Nigeria’s electoral framework has been suffering from persistent authorized uncertainty, forcing courts to find out election outcomes. This uncertainty stems from a basic failure: the absence of sturdy regulatory processes backed by categorical statutory authority. With each election cycle, we rush to amend the Electoral Act. But we proceed to grapple with the identical challenges, resulting in continued rounds of amendments. This vicious cycle should finish.
The 2023 election uncovered a vital hole in our electoral authorized framework. Regardless of INEC’s deployment of the iREV portal for digital transmission of outcomes, the Supreme Courtroom dominated that this innovation lacks authorized pressure. The Courtroom held that as a result of digital transmission just isn’t expressly offered by the Electoral Act 2022 (showing solely in INEC’s Laws and Tips), it’s not legally binding. And that the IReV portal serves merely for public viewing and isn’t admissible proof of leads to election petitions. The message was unmistakable: with out specific statutory provision, digital transmission stays optionally available and legally inconsequential, irrespective of how clear or environment friendly it might be.
This authorized hole creates an insurmountable evidentiary burden in election petitions. The late Justice Pat Acholonu, in Buhari v. Obasanjo (2005), doubted {that a} petitioner might efficiently problem a presidential election. He famous {that a} petitioner wanted to name roughly 250,000 to 300,000 witnesses throughout electoral constituencies within the nation, and even when profitable, the president-elect would have accomplished the four-year tenure, rendering any victory “an empty victory bereft of any substance.” This prophecy has confirmed tragically correct. No presidential election petition has ever succeeded since 1999. That is exactly as a result of the evidentiary proof of outcomes verification from over 176,000 polling models nationwide is a sensible impossibility inside the quick timelines allowed by regulation.
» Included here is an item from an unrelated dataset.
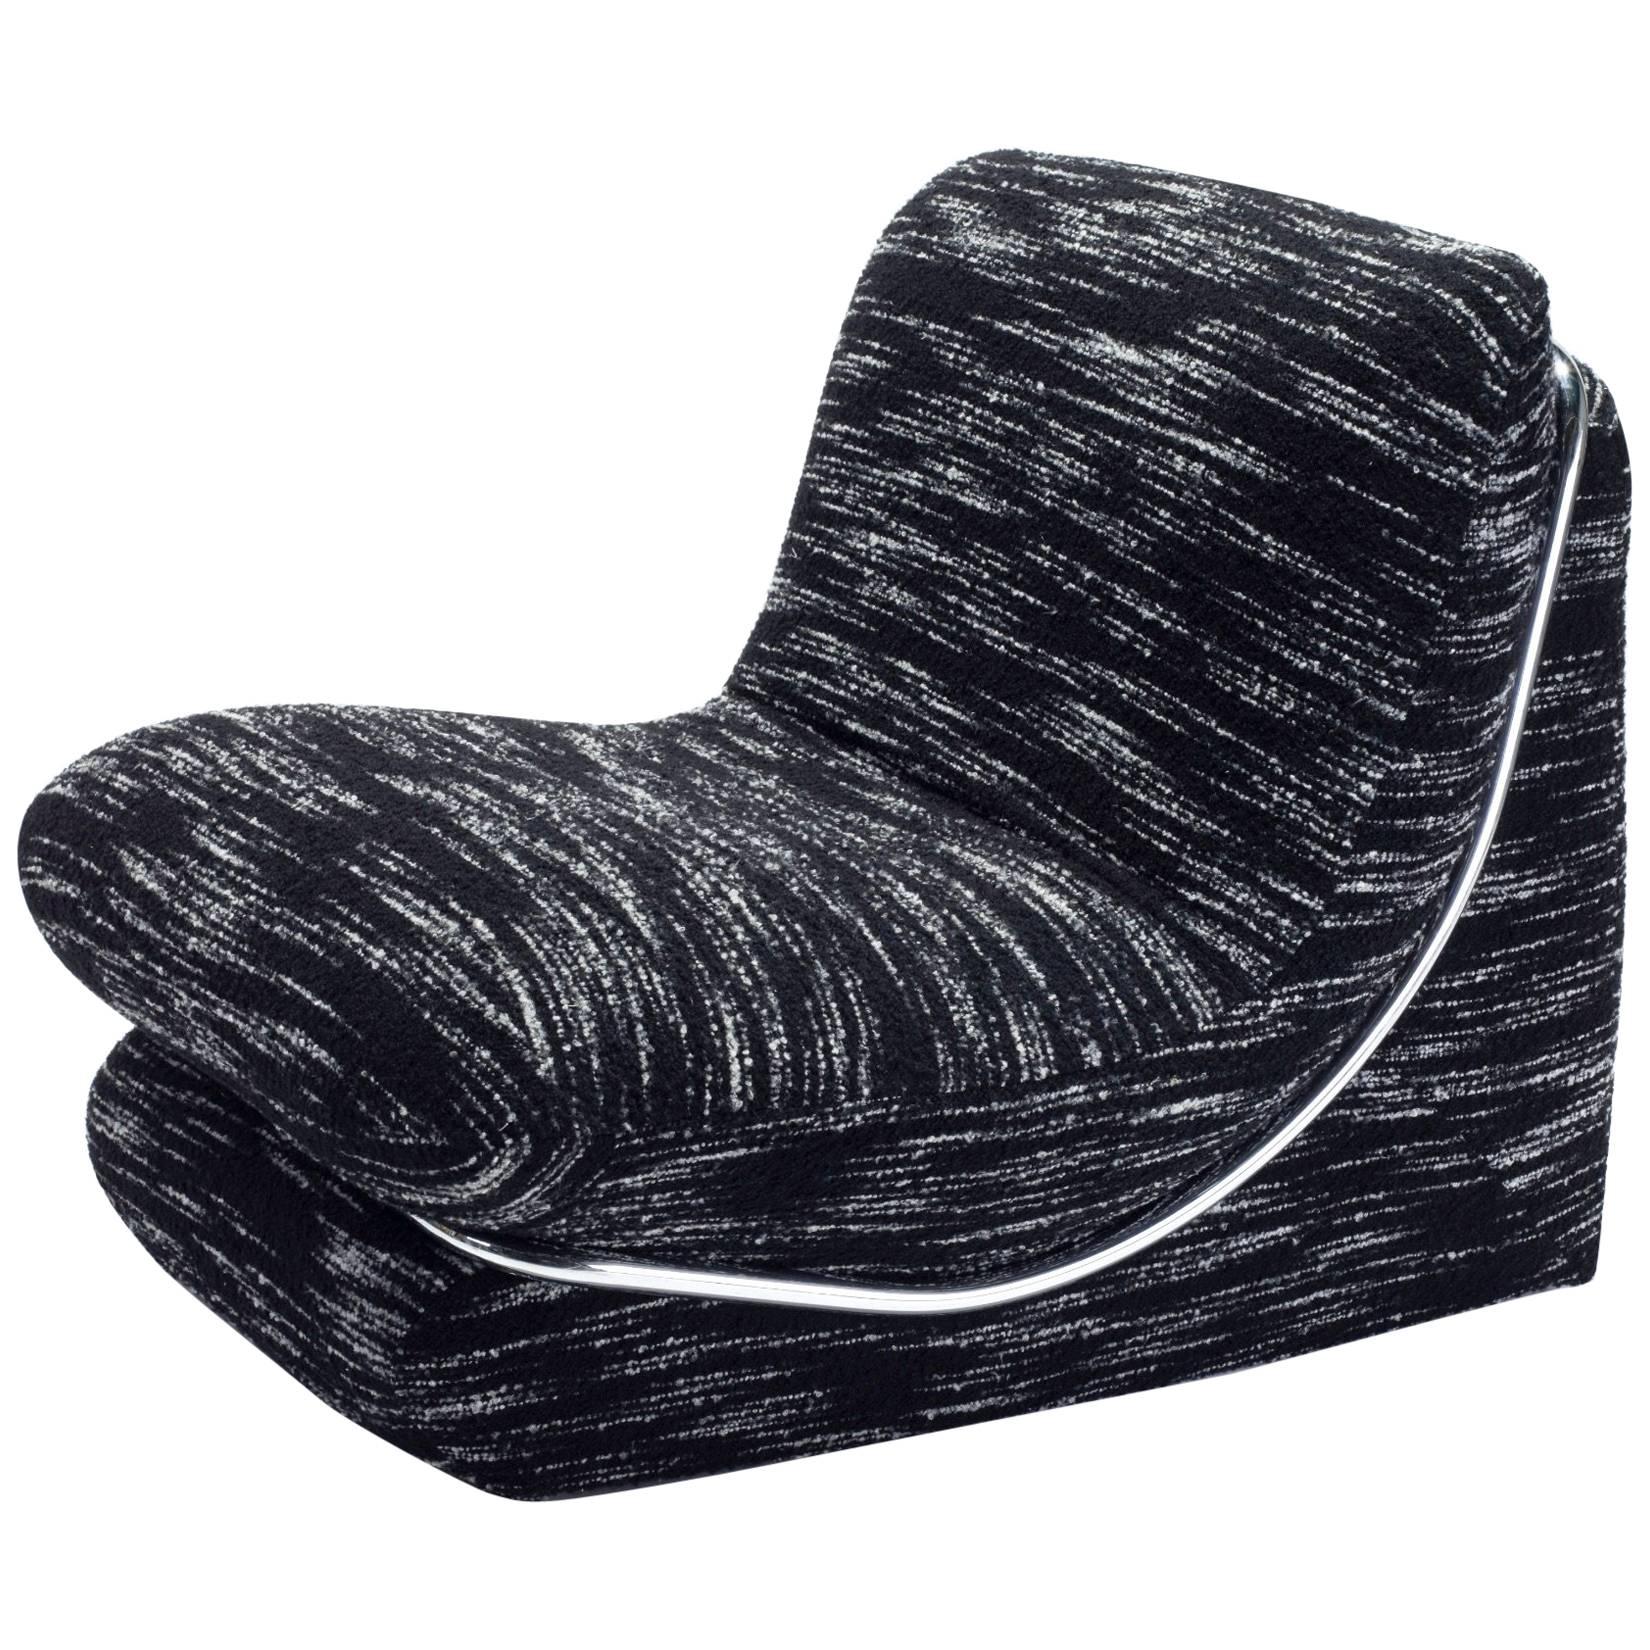 1980s Italian Lounge Chair

Historical past affords a confirmed answer. The June 12, 1993, election stays Nigeria’s gold customary for electoral credibility, not due to refined know-how however due to uncompromising transparency. The Possibility A4 system ensured speedy, open verification at polling models, the place voters, get together brokers, and observers might witness and ensure outcomes earlier than any collation occurred. Regardless of totally guide processes, this transparency generated unprecedented public confidence. Each native and worldwide observers acclaimed it as Nigeria’s freest and fairest election. If guide transparency might obtain such credibility in 1993, think about the transformative impression of real-time digital transmission in our digital age in 2026! It will mix speedy verification with tamper-proof digital information, delivering the identical transparency with far higher effectivity, safety, and verifiability.
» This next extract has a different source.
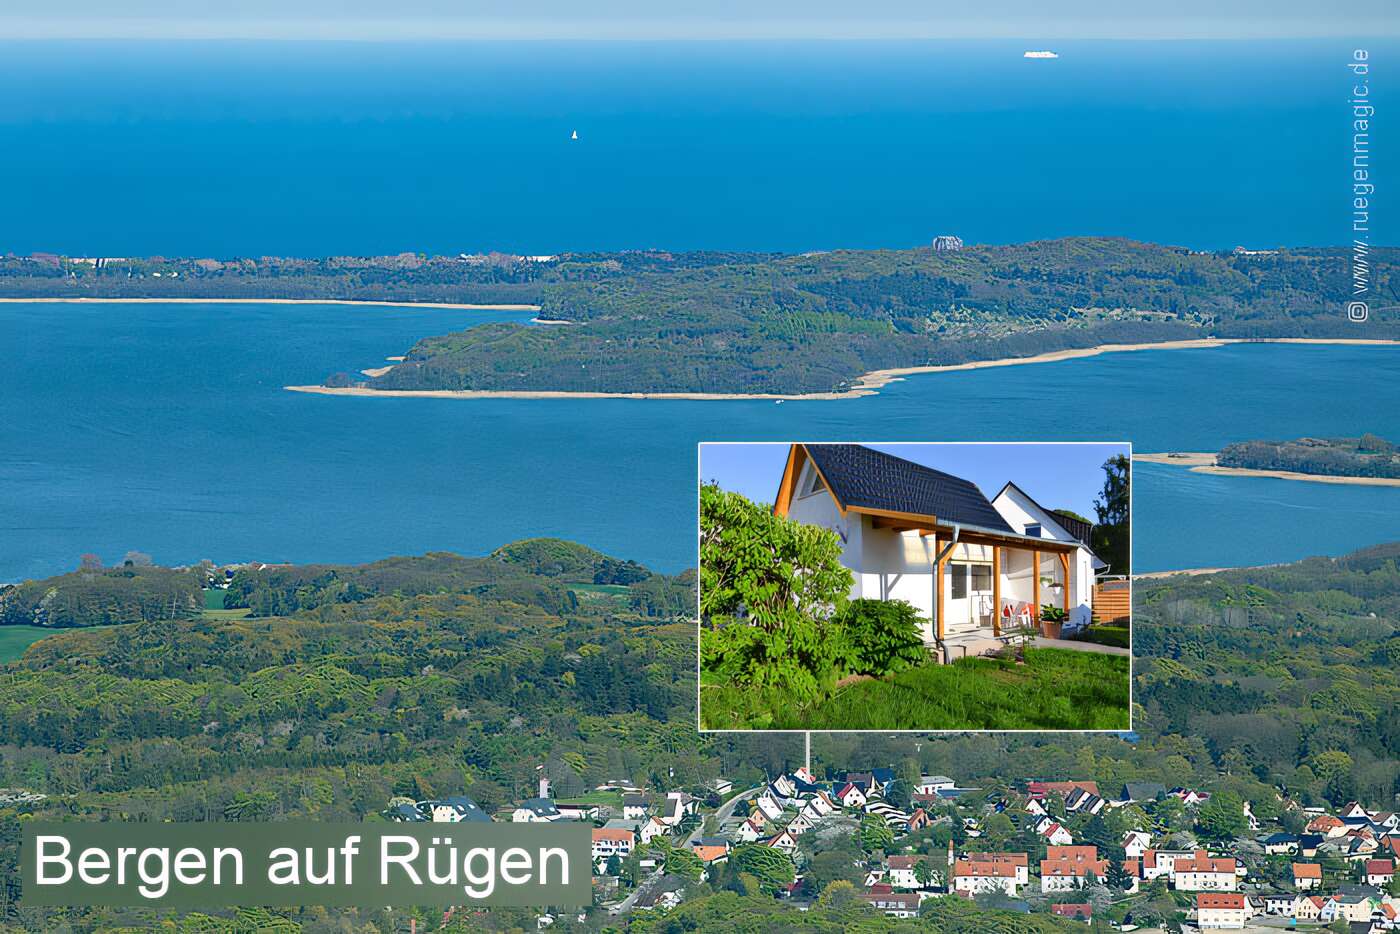 Lage des Ferienhauses in Bergen auf Rügen

The present legislative course of represents a monumental alternative for the Nationwide Meeting to resolve this basic problem earlier than the 2027 basic elections. Nigerians want an ideal framework for transparency and to revive confidence within the electoral course of. With out this modification, we threat perpetuating the identical cycle of disputed elections, protracted litigation, and broken democratic credibility that has plagued Nigeria’s Fourth Republic.
The Nationwide Meeting should act decisively to embed necessary real-time digital transmission of leads to the Electoral Act, eradicating all ambiguity and shutting the authorized loopholes which were exploited to undermine the individuals’s will. Democracy calls for nothing much less.